Le Parcours Entrepreneur est un programme d’accompagnement de 6 mois, pour des individus, seuls ou en équipe, qui ont une idée de projet pour résoudre nos enjeux de société. Ticket for Change accompagne ainsi chaque année 50 talents à lancer leur start-up à impact positif en leur apportant un suivi personnalisé, des outils concrets pour tester leur idée sur le terrain, un réseau de pairs et d'experts, et une visibilité pour leur projet. Au cœur de ce programme : le Ticket Tour, un voyage intense de 10 jours à travers la France pour rencontrer sur le terrain les pionniers les plus inspirants du pays, découvrir les solutions locales, et prototyper rapidement sa start-up sociale.

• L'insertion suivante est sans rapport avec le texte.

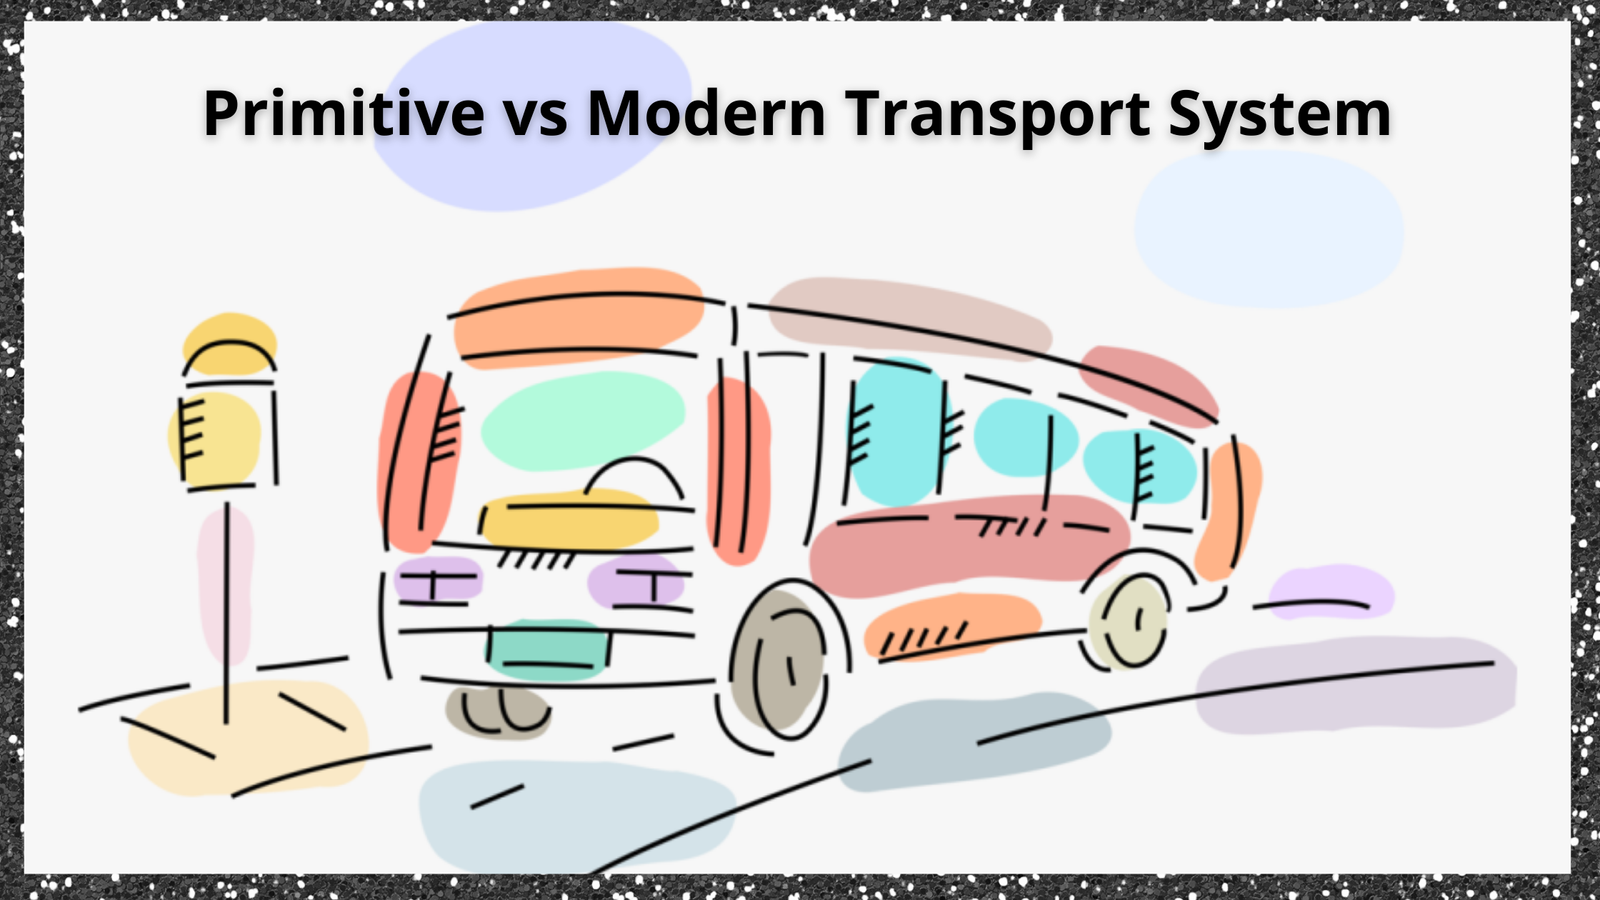 Modern Transport System VS Primitive Transport System

Et tout au long du programme, un accompagnement en ligne personnalisé et quotidien est proposé (mentoring & formations et ressources en ligne). 

Et maintenant ?

Pour résoudre ce problème d’accès aux soins, on a décidé de développer Feelae. C’est une plateforme de téléconsultation médicale qui permet à tous les Français d’avoir accès à un médecin généraliste en moins de cinq minutes n’importe où, n’importe quand en visioconférence.
Là on vient de boucler notre première levée de fonds, et on est en train de développer le produit qui sera disponible en bêta-test début mai 2017.

Aujourd’hui je "méta surkiffe" [SIC] ma vie *rires*.

Je suis dans une situation financière qui est catastrophique. Je vis chez mes parents mais je suis heureux, alors qu’avant je n’avais aucun problème de trésorerie mais j’étais malheureux. Il ne faut pas avoir peur de sauter le pas : on vit dans un monde où l’entrepreneuriat est extrêmement bien valorisé alors qu’il y a 10 ans c’était presque un gros mot. Je pense que tout le monde ne peut pas être entrepreneur mais tout le monde peut être entrepreneur de sa propre vie.